Peyton Adams Eubank
Missionary - Africa 1882 - 1892

Memories of a Missionary Tour of Duty in Africa: 1882 - 1892
by Laura Boardman Houchens Eubank
Wife of Rev. Peyton Adams Eubank
Missionaries To Nigeria 1882
Southern Baptist Foreign Mission Board, Richmond, VA.

Medical Needs

Our work there went on much the same as at other places. We had our little school with native teachers, our mission children, many of whom in later years became our teachers and preachers, our Sunday services, our street preaching and our house to house visiting. We also had medical work of a kind. We had no hospital, no organized work in that line at all and no sort of appropriation for such work as I remember.
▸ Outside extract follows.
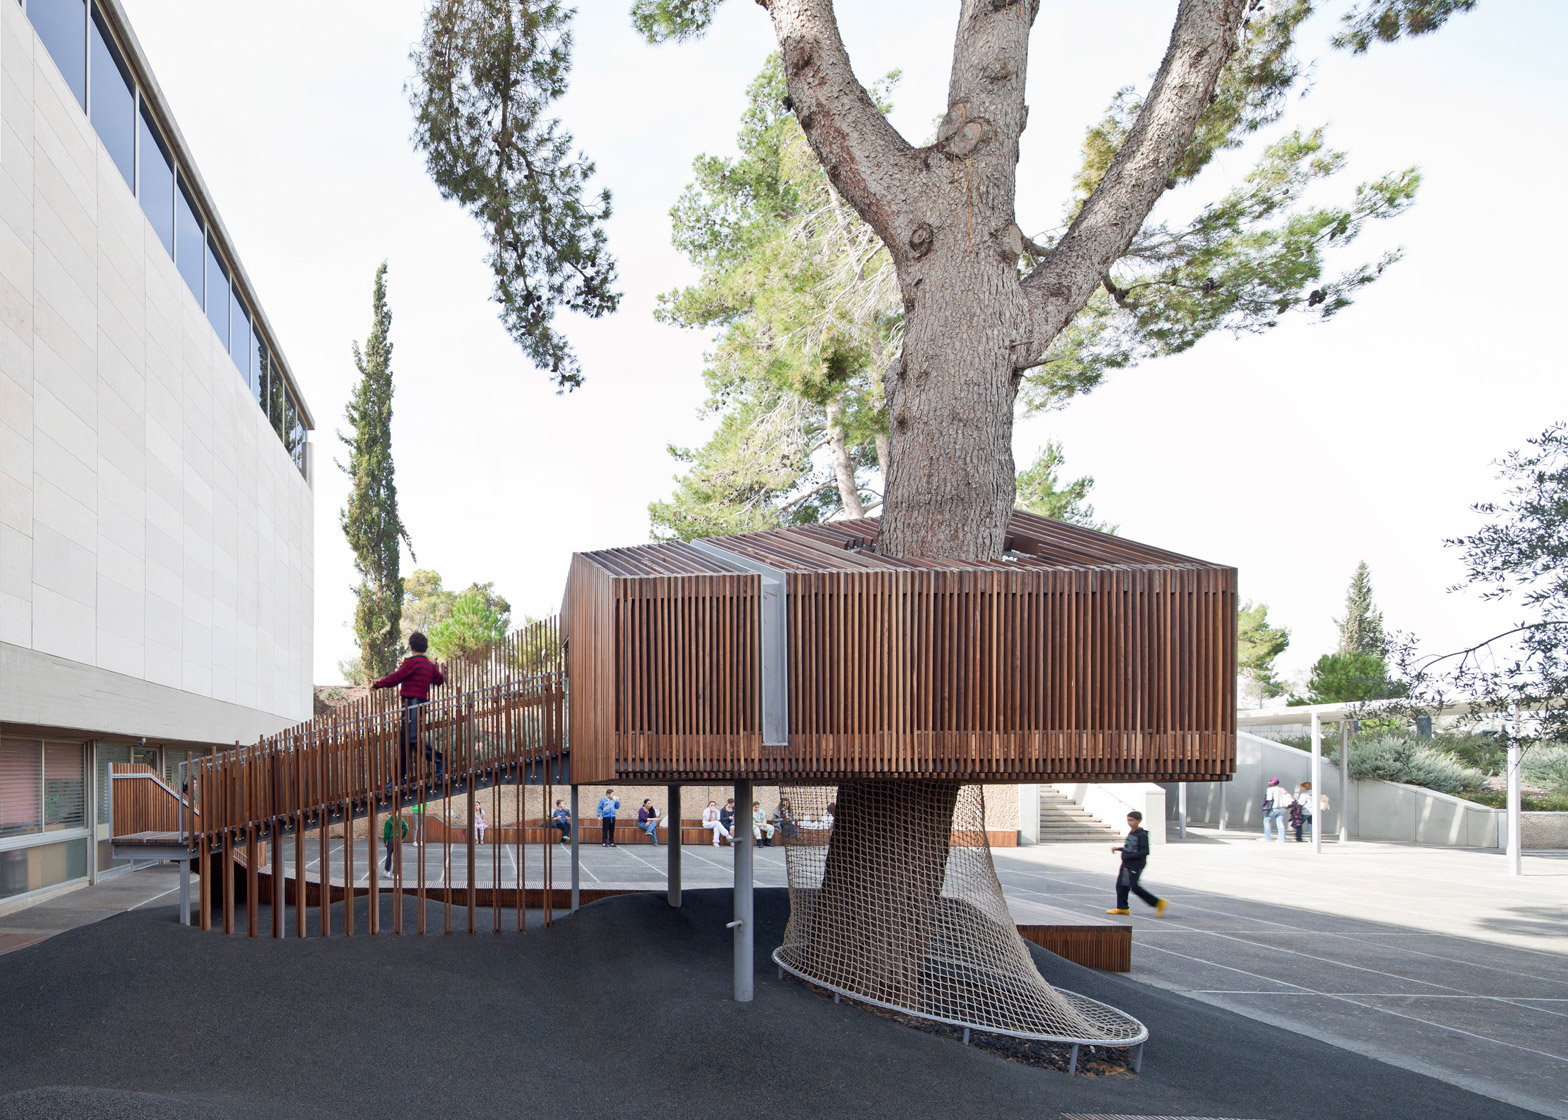 IMJ-tree-house-by-Ifat-Finkelman-and-Deborah-Warschawski_dezeen_1568_6.jpg
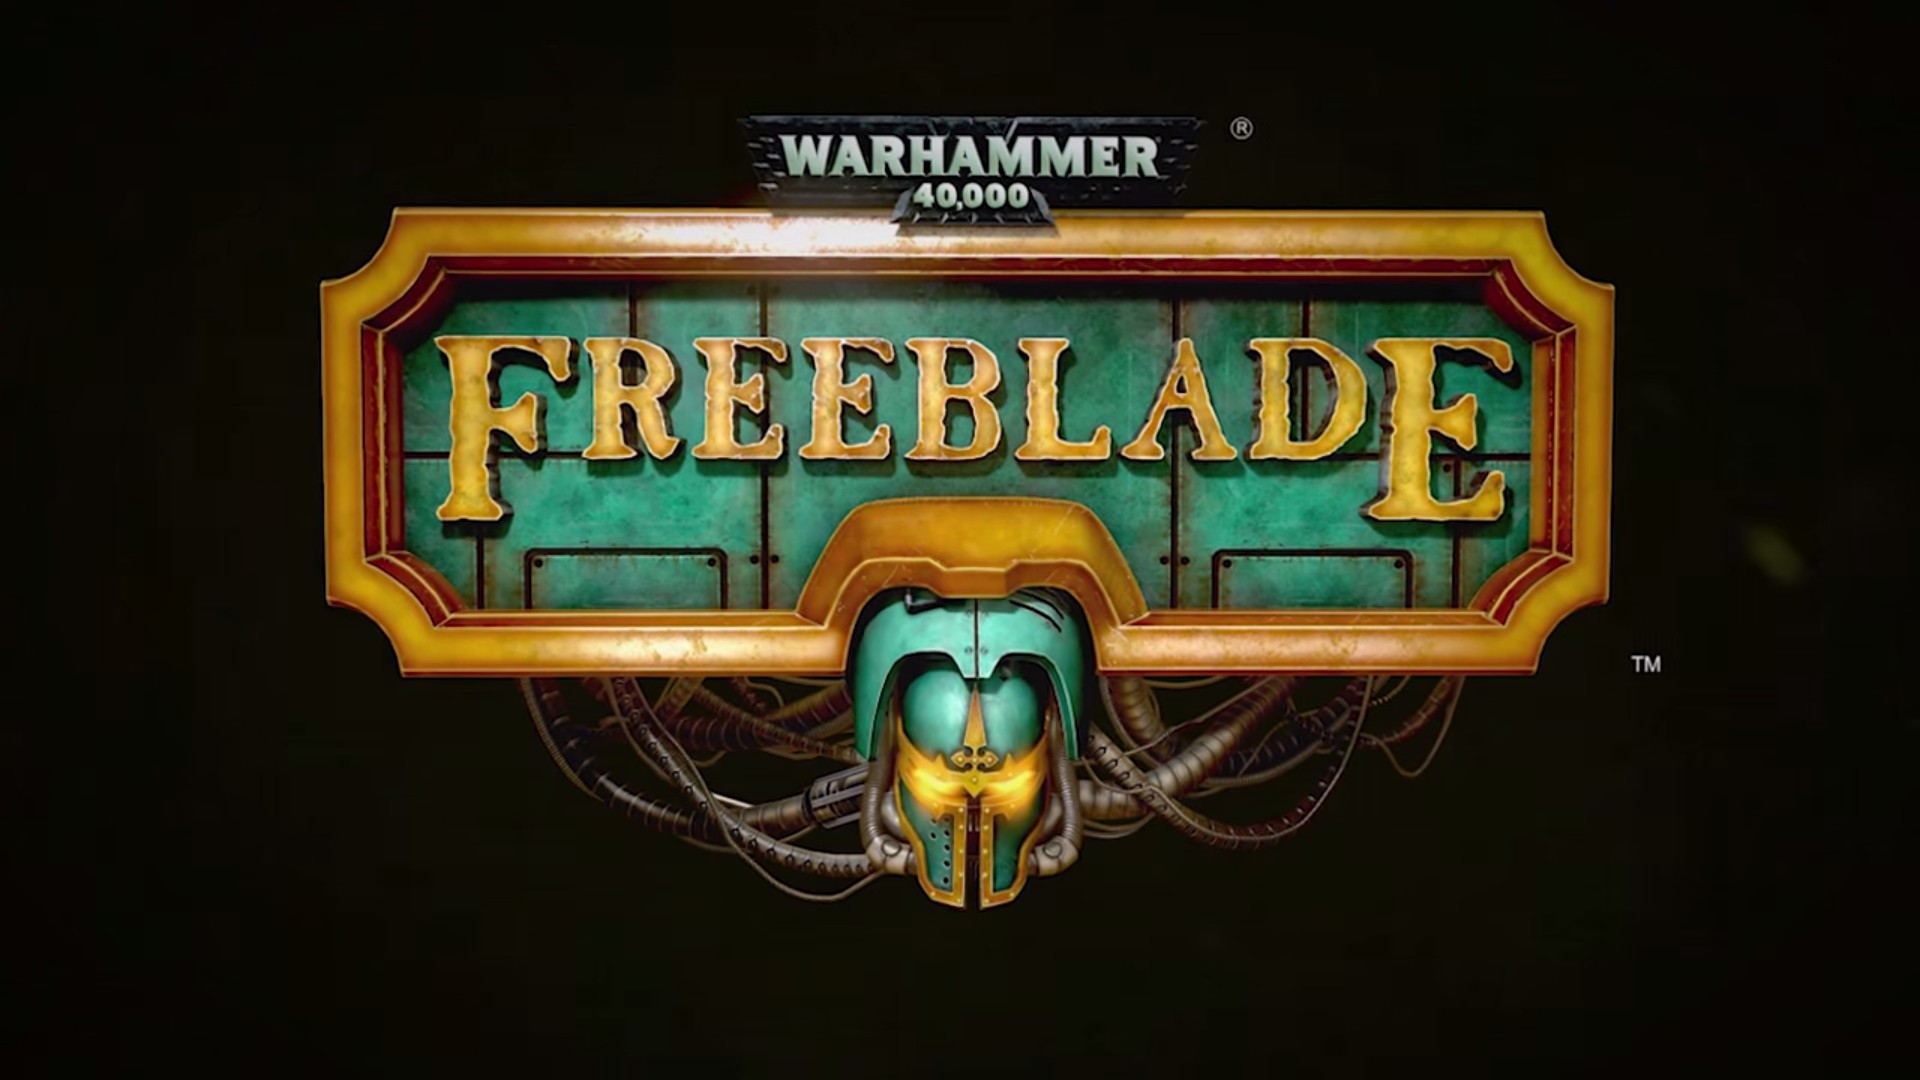 Warhammer 40.000: Freeblade, trailer di lancio

The missionaries just did what they could with the simple equipment available and with their limited knowledge. When we were at home on furlough in 1886-87 my husband took work at the Medical School at the University of Missouri but this was all at his own expense and naturally very limited. It was during this year at home that our son was born. We had many applications for medical aid, some very simple and some that needed the equipment of a Mayo Institute. Some we were able to help and some died as they do everywhere.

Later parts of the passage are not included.